For this exercise, an exact copy is needed of only the lines from the one containing "A plate with" through the end of the data, with pictures left out.

* DATA SECTION

_ _ _ _ _ _ _

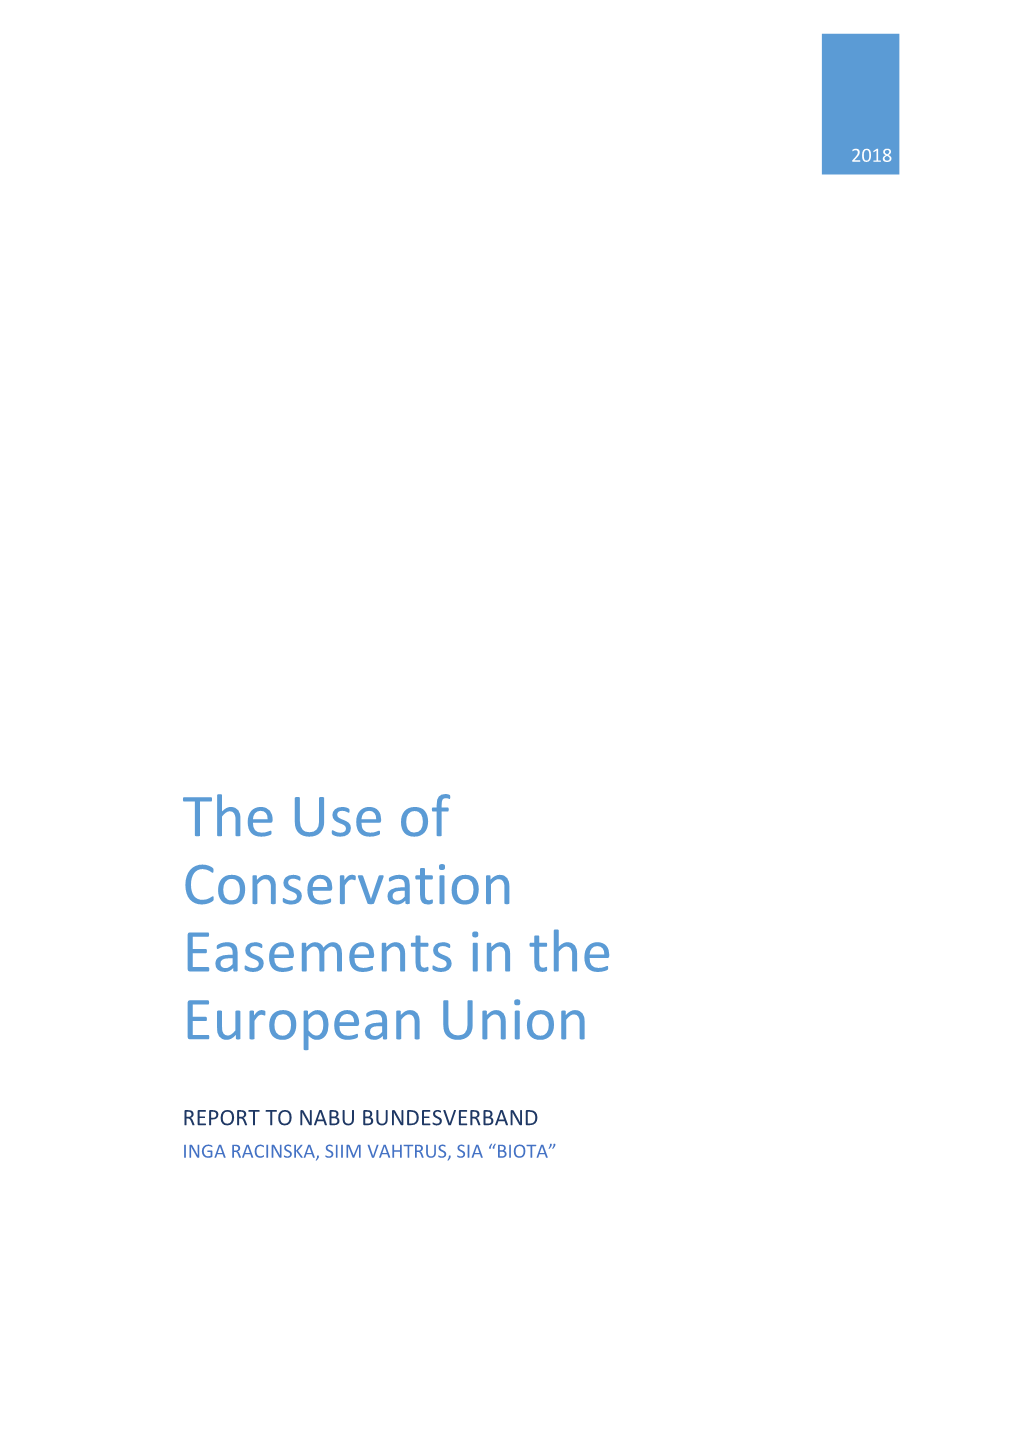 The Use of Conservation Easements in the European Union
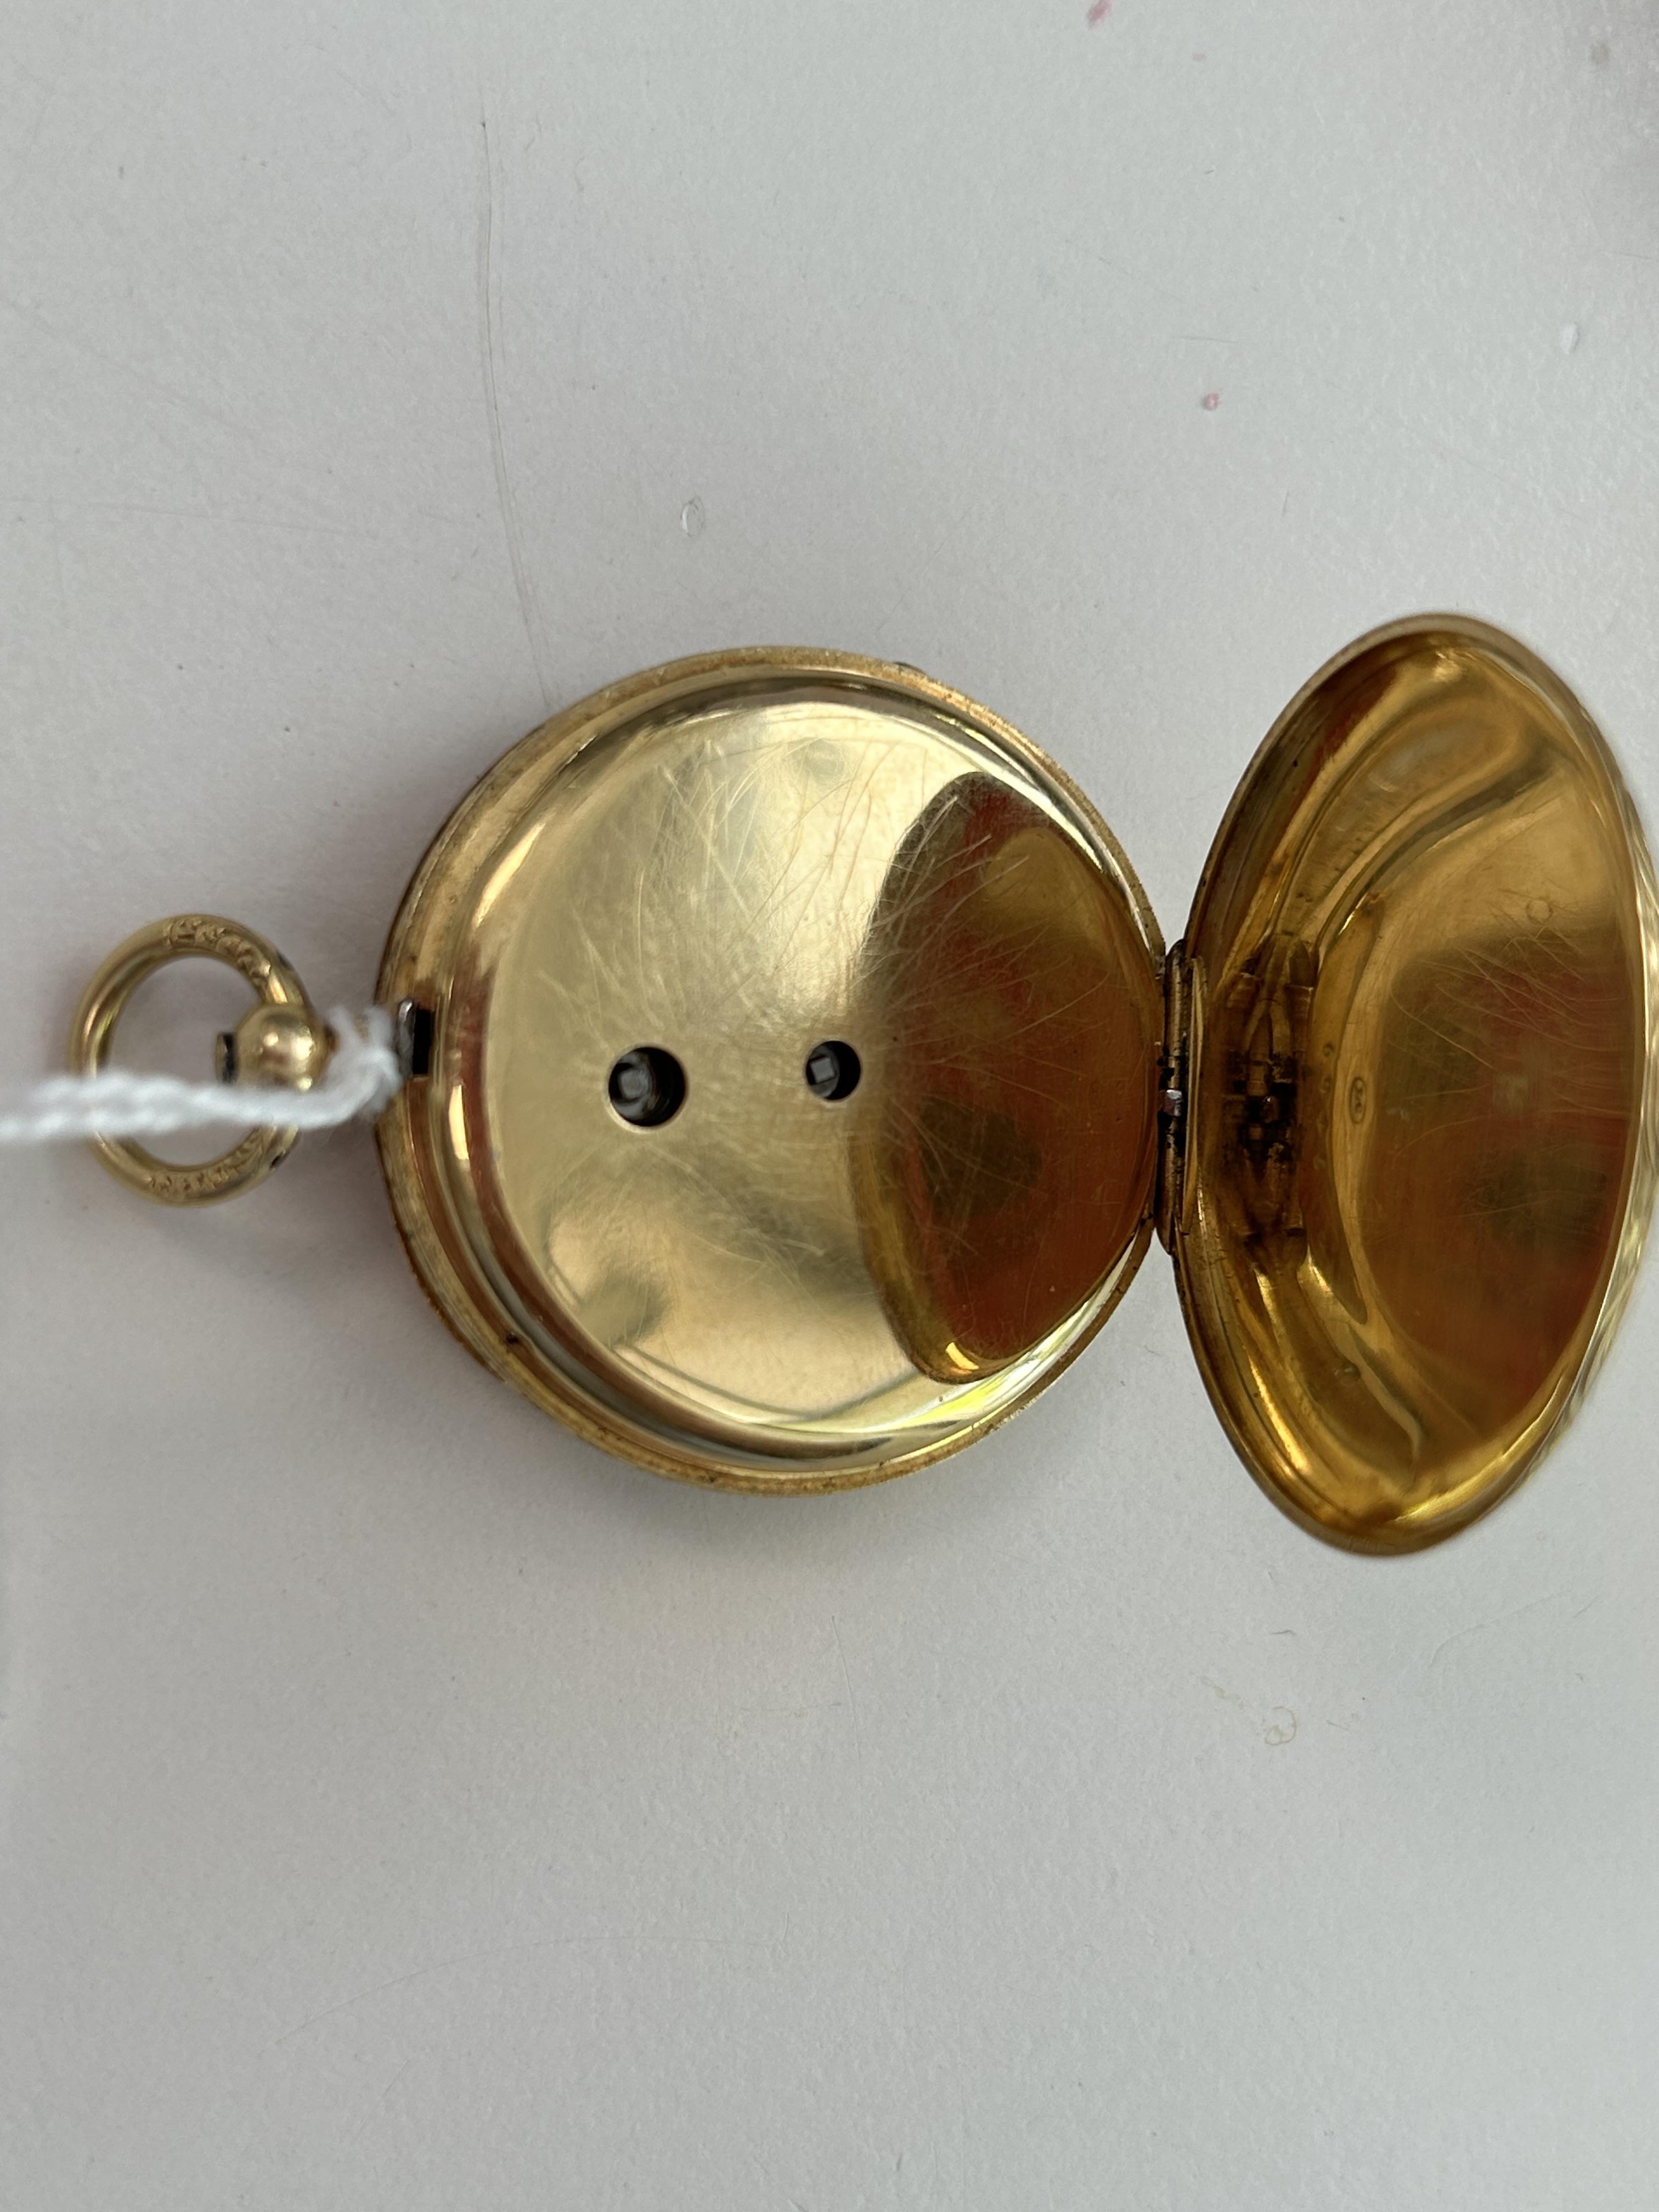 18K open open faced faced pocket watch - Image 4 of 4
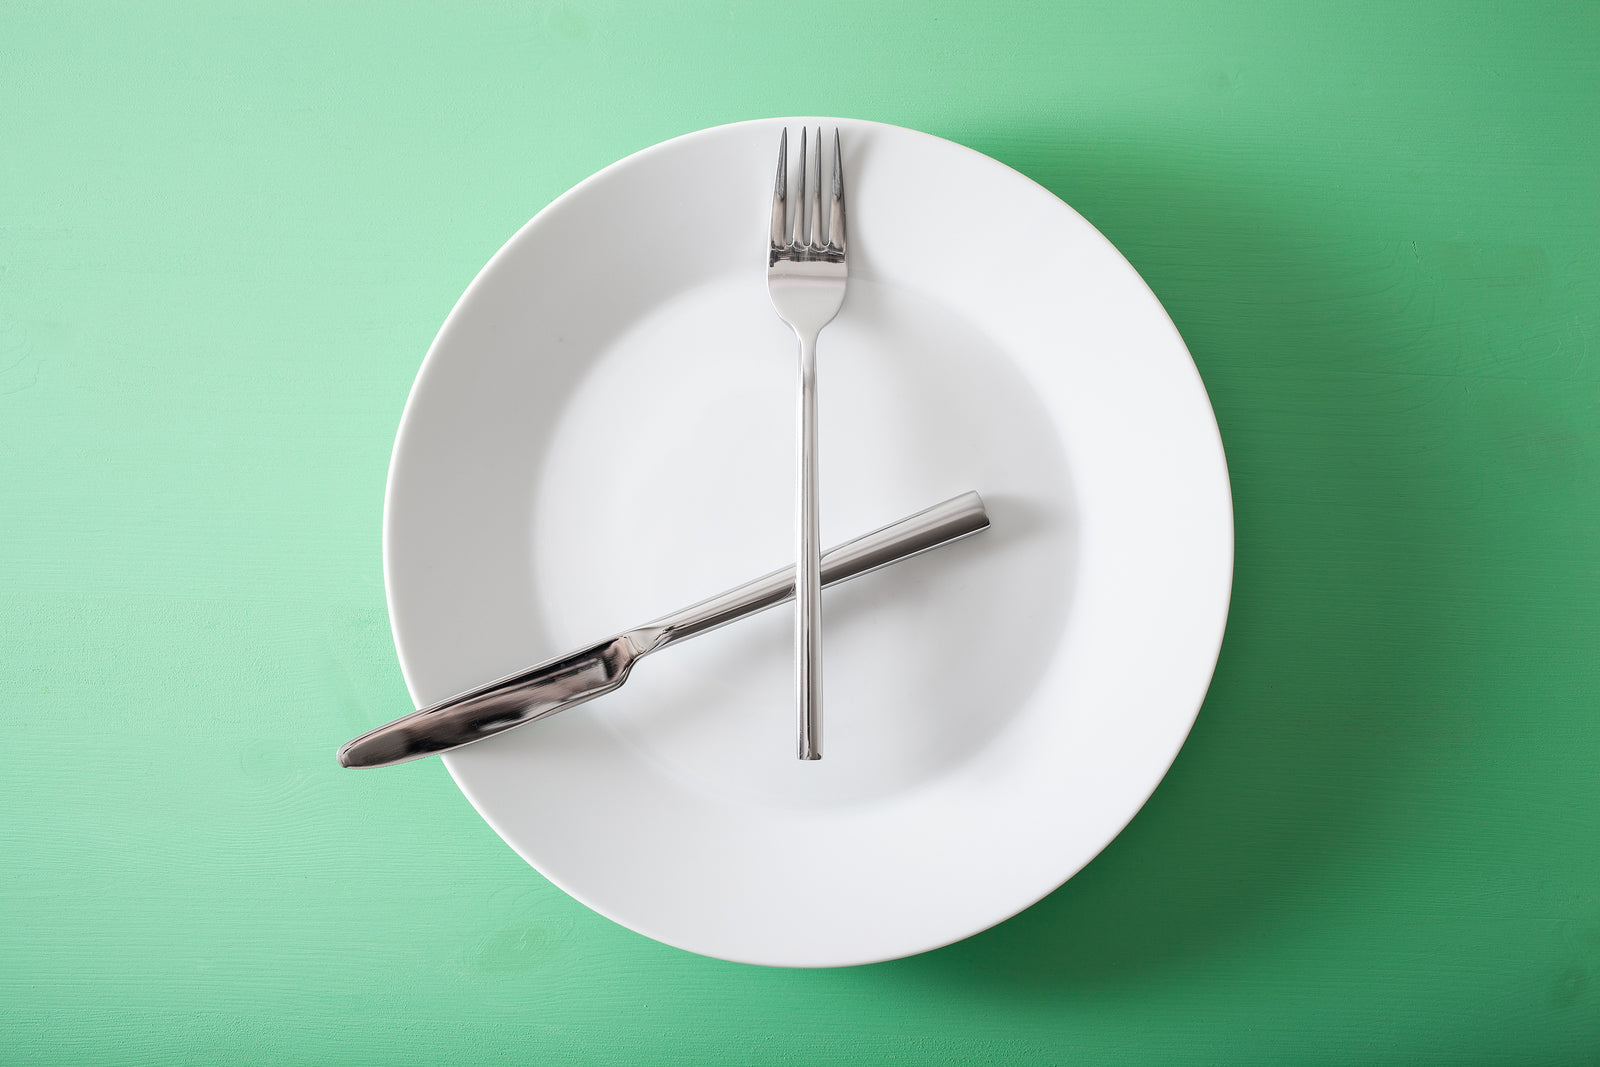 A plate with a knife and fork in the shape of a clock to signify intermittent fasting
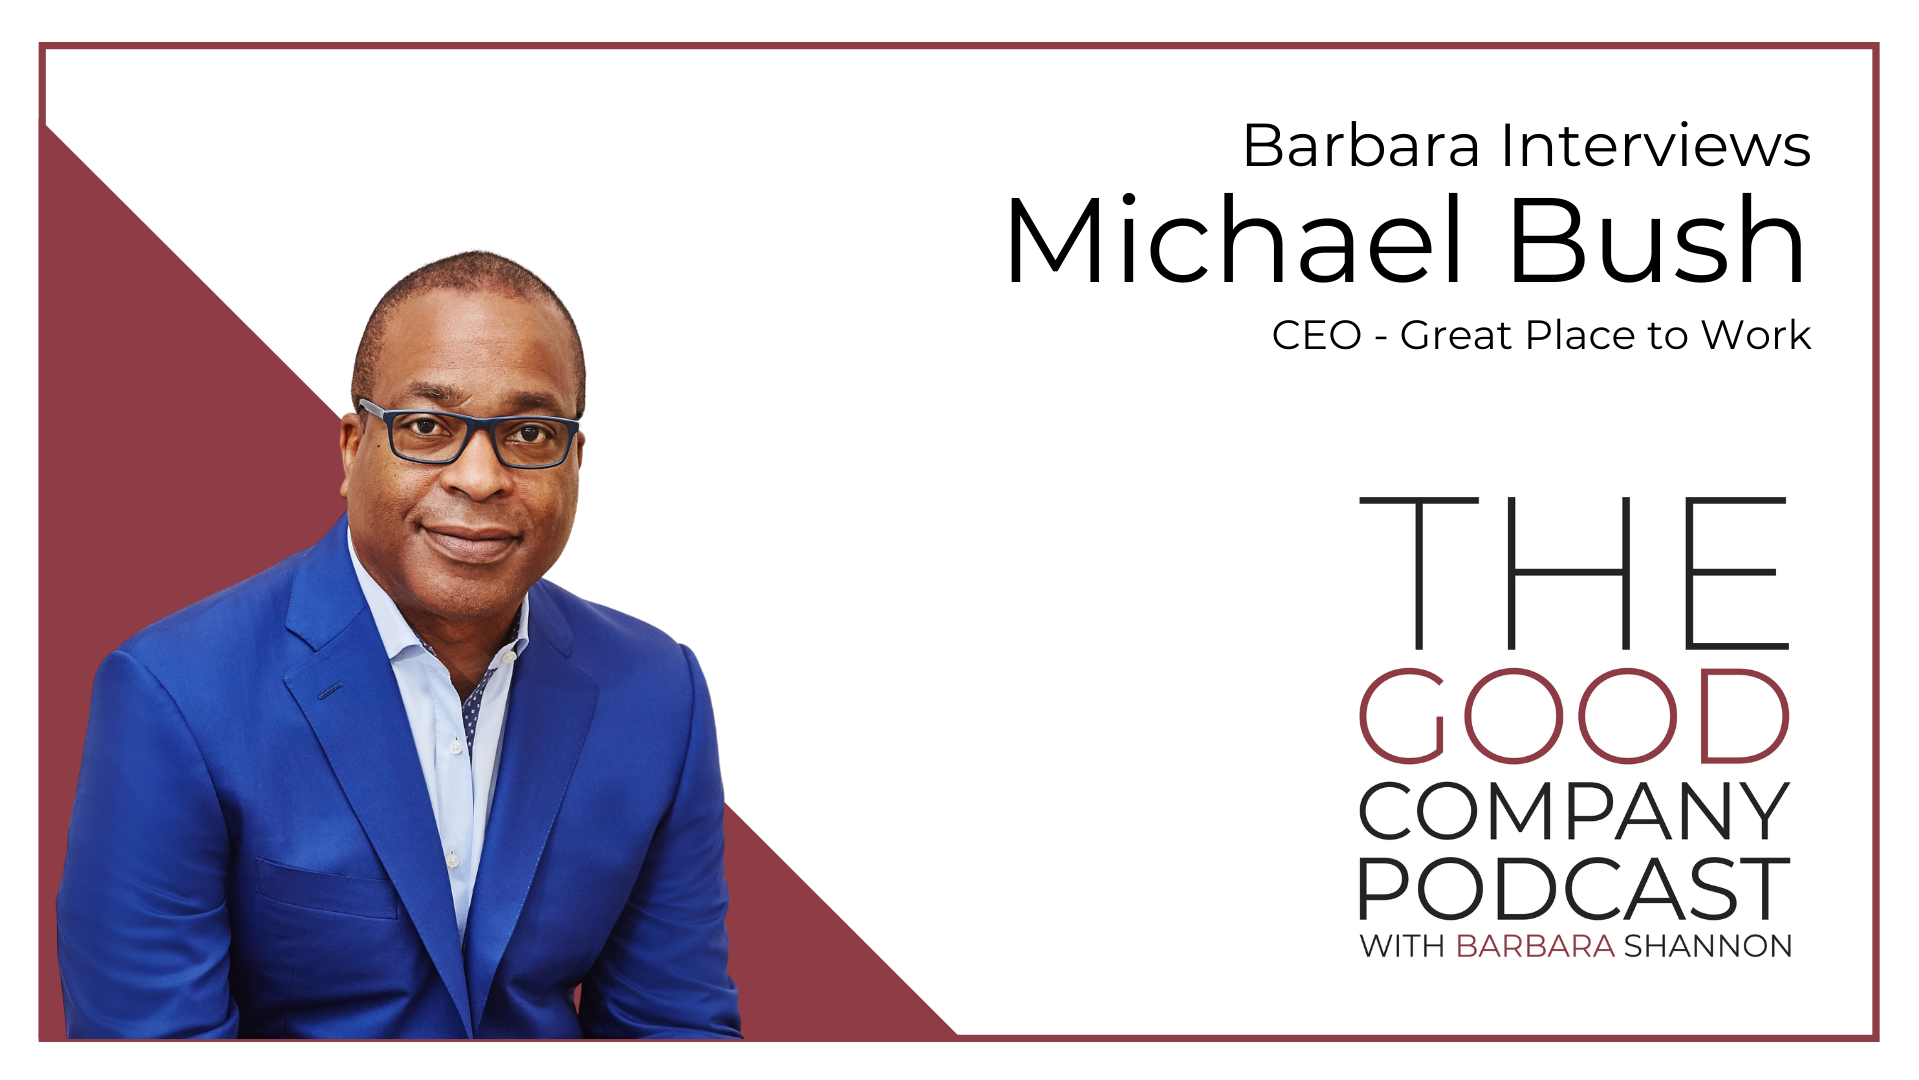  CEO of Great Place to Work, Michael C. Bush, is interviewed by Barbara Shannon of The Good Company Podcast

_ _ _ _ _ _ _

* FINISHED TASK
 A plate with a knife and fork in the shape of a clock to signify intermittent fasting
  CEO of Great Place to Work, Michael C. Bush, is interviewed by Barbara Shannon of The Good Company Podcast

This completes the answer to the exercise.